Contexte d’écriture des œuvres
Etant donné qu’une œuvre est souvent le produit du mariage des événements et du temps qui l’ont engendré, les œuvres de notre corpus, Le nœud de vipères de Mauriac et Allah n’est pas obligé de Kourouma, s’inscrivent dans cette perspective. Ces deux œuvres se déroulent dans des espaces ouverts dont l’histoire et la géographie sont celles des pays qui ont inspiré les auteurs. Ces espaces sont importants dans la production du sens et l’évolution de la trame narrative des récits. L’œuvre de Mauriac se situe dans la France des années trente. Cette époque correspond à l’après-guerre. C’est pourquoi l’œuvre renferme en elle-même les valeurs de ce temps. Et la situation de cette période d’après-guerre était contraire à celle de la « belle époque » au début du siècle où la société française paraissait stable et prospère. Ce XXe siècle est marqué par des métamorphoses importantes surtout sur le plan de la civilisation. Nous constatons en effet, une perte des repères ou des valeurs humanitaires. C’est peut-être dans ce sens que l’assertion de Paul Valéry a toute son importance : « Nous autres civilisations nous savons maintenant, que nous sommes mortelles » .

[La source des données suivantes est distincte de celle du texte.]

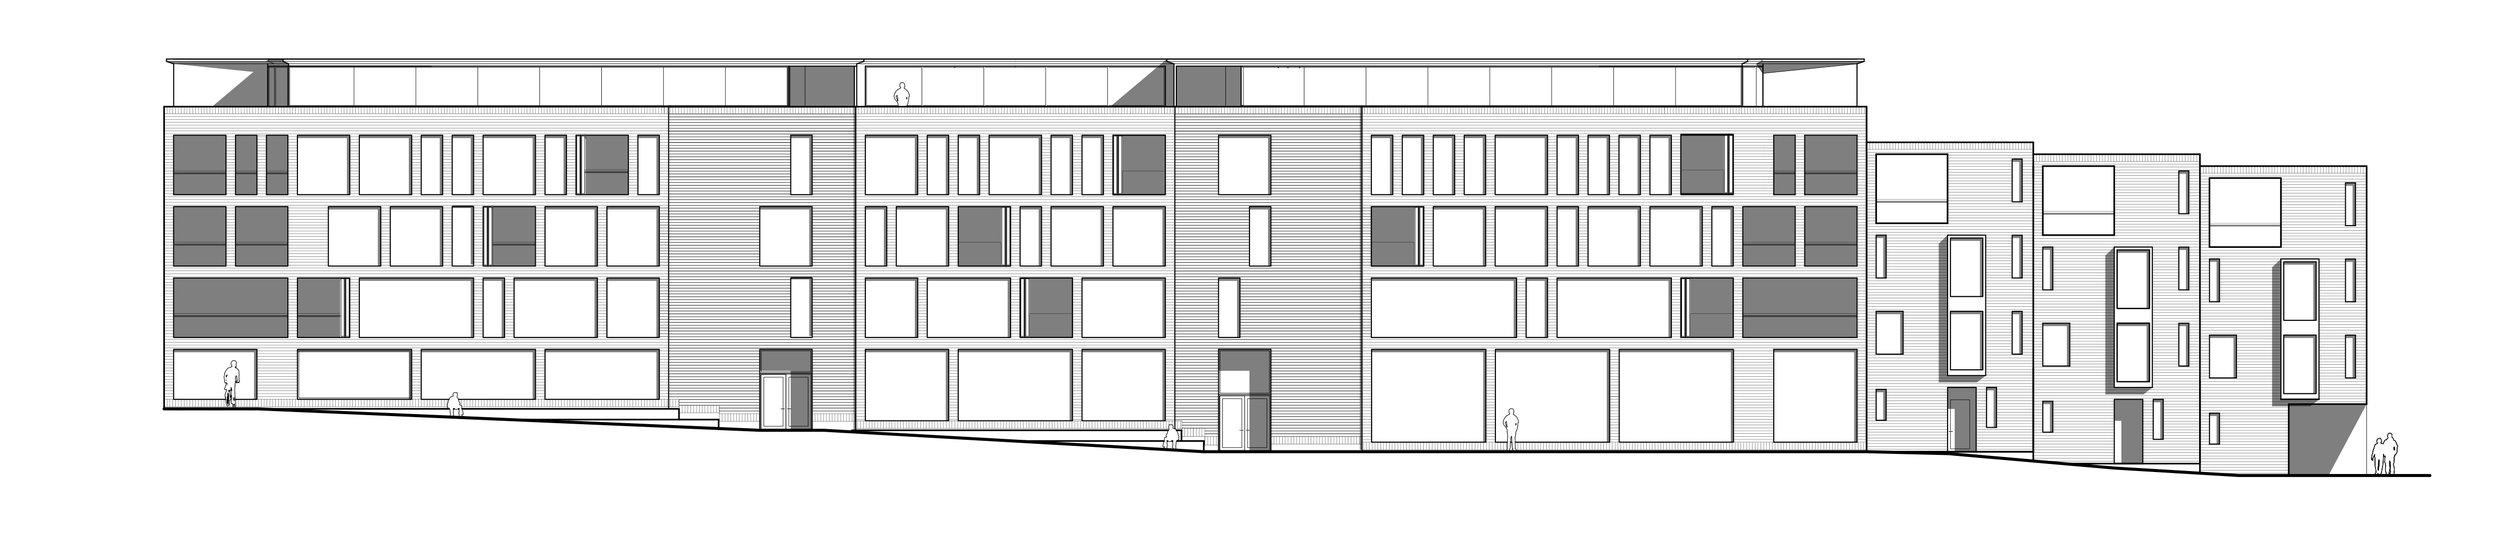 Facaden består af fem vertikale segmenter. Yderst er ganggruppefællesområderne, dernæst trappetårnene og i midten de store fællesfunktioner. Dette skaber en sammenhængende gadefacade, der i kraft af de fem segmenter fremstår med varierende karak- ter, og dermed opleves som mindre huse der spiller sammen med konteksten. Bygningens stueplan følger gadens faldende terræn og går derved i dialog med omgivelserne og skaber mulighed for ind- og udkig samt ophold på bygningen.
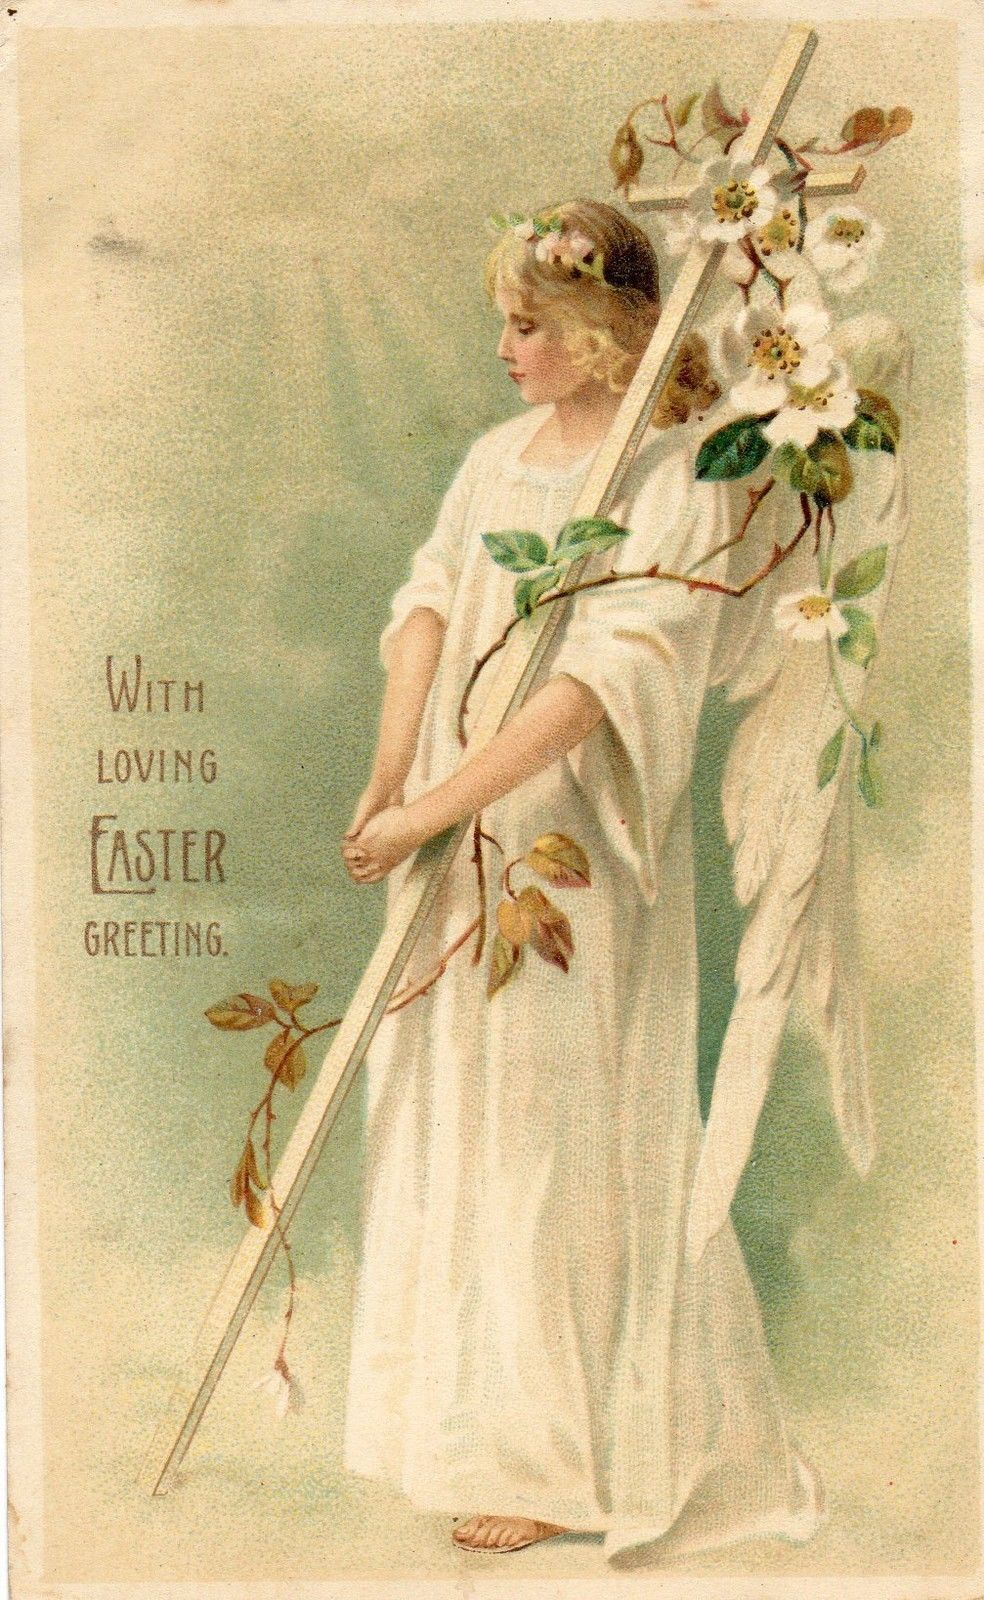 Easter Greetings Angel Holding Cross Religious Ebay Easter

Cette situation tragique à la sortie de la guerre ne pouvait laisser de marbre les intellectuels et les écrivains français de ce temps, car l’homme, considéré comme un être doué de raison, devrait être capable de se contrôler et d’être au-dessus des valeurs qui font son temps. Mais ce siècle d’une civilisation industrielle et d’un avancement scientifique remarquable était au-delà du pouvoir humain. Par conséquent, ce phénomène avait abouti à un désastre mondial. Et cette guerre avait un impact dans la production littéraire du siècle. Beaucoup d’écrivains s’en sont ressourcés. Même si certains vont se lancer au souvenir de l’avant-guerre pour faire son éloge alors d’autres se réjouissaient de chanter cette paix retrouvée.
L’idéologie des écrivains change avec les mutations qu’a connues cette période. Ces écrivains ne cherchent plus à représenter des personnages comme ils étaient dans le roman de type balzacien, des êtres capables de comprendre le monde dans lequel ils évoluent. Les écrivains du XIXe siècle avaient le souci de vraisemblance. En effet, ils plongeaient leurs personnages dans un univers où la cohérence et la stabilité régnaient en maître. Par contre, le XXe siècle était d’une autre ambiance. Il était marqué par l’angoisse , l’incompréhension de l’homme qui l’habitait. De ce fait, l’homme était sorti meurtri et traumatisé par ce qu’il a vu et vécu pendant la guerre. C’est pourquoi il avait épousé d’autres comportements et valeurs plus aptes et plus conformes à ce siècle. Par conséquent, l’écrivain adoptait de nouvelles dispositions d’analyse pour mieux témoigner de cet état de fait qui traduisait la société de cette époque jugée à la limite immorale.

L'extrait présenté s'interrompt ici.